Everyone knows about ancient Egyptian attractions in the Cairo area – the pyramids at Giza being the most famous, by far. While there were important settlements nearby for thousands of years, the city of Cairo proper originated with the Roman Fortress of Babylon in the 3rd century. The fort was built on the banks of the Nile around a harbor and the Nile-end of a canal that connected the river with the Red Sea. This had long been a strategic area, the border of Upper and Lower Egypt, where the river begins to spread out into the delta, only a few miles north of the ancient Egyptian capital of Memphis, which dates back to 3,000 BCE, at least.

Roman walls of the Babylon Fortress in Old Cairo

Roman walls of the Babylon Fortress in Old Cairo

The Roman fort still stands, surrounding the area known as Old Cairo or Coptic Cairo. Coptic Christians settled within the fort very early in the Christian era and it remains a Coptic enclave still. The fort encloses numerous churches, monasteries and convents, as well as the Ben Ezra Synagogue and Amr Ibn al-As, Cairo’s oldest mosque.

The main attractions:

St. Virgin Mary’s Coptic Church/The Hanging Church (El Muallaqa) is the most famous church in Old Cairo. It’s built atop the bastions of one of the fortress gates, with the nave hanging over the passageway.

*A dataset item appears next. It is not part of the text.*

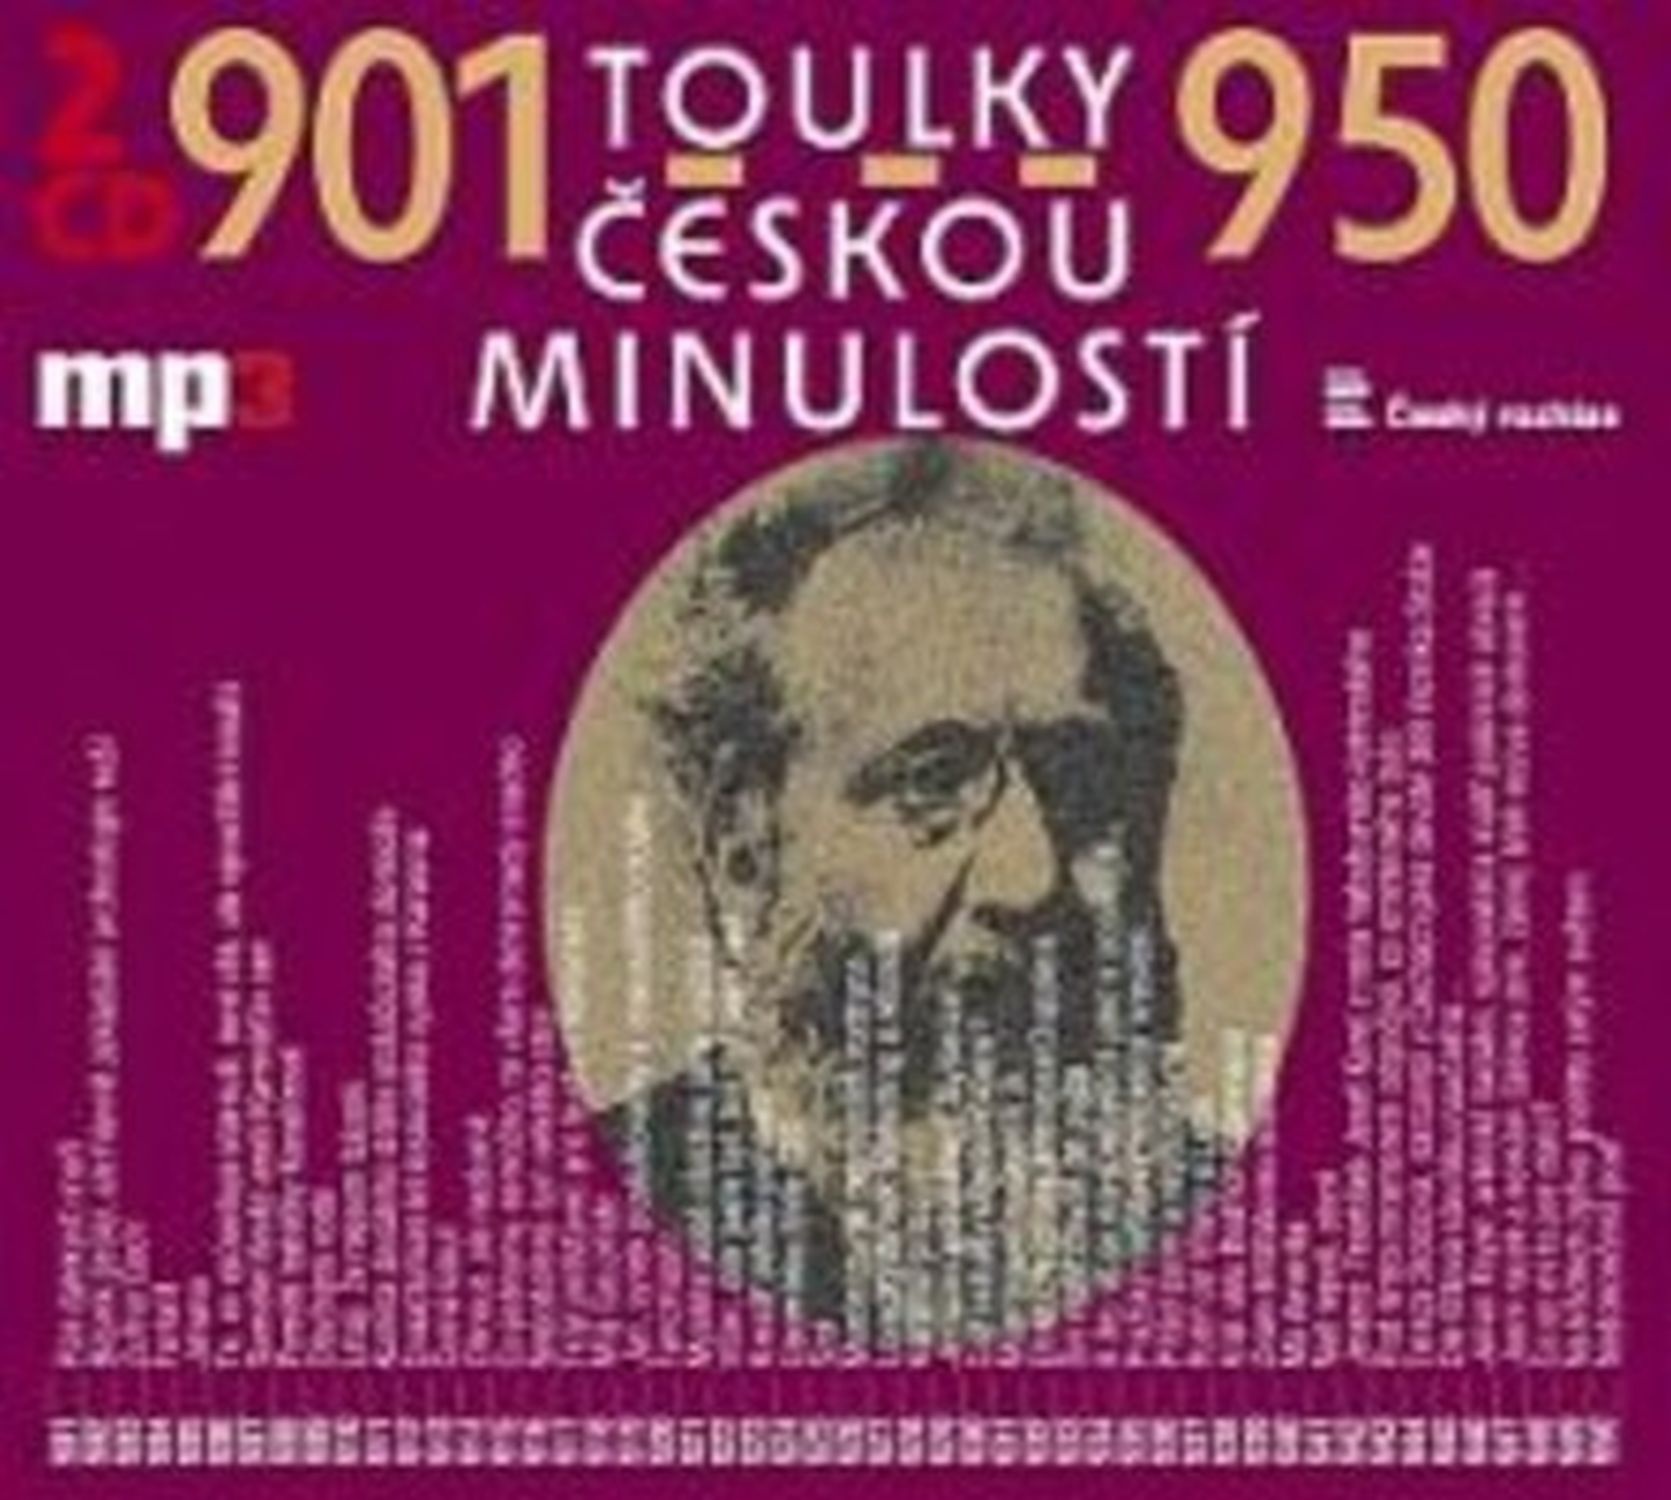 CD Shop - VARIOUS TOULKY CESKOU MINULOSTI 901-950 (MP3-

the Hanging Church, Old Cairo

the Hanging Church, Old Cairo

Saints Sergius and Bacchus Church (Abu Serga) stands on ground where, according to tradition, the Holy Family stayed on their flight away from the murderous Herod the Great.

Church of Saints Sergius and Bacchus, Old Cairo

Church of Saints Sergius and Bacchus, Old Cairo

The Greek Orthodox Church of St. George is built around a tower of one of the fortress gates. A peaceful cemetery stands within the grounds of the church.

St. George's Greek Orthodox Church, Old Cairo

St. George’s Greek Orthodox Church, Old Cairo

Originally a church, the Ben Ezra Synagogue was established in the 9th century, when Abraham Ben Ezra purchased the building from Coptic Christians who needed to raise money for taxes.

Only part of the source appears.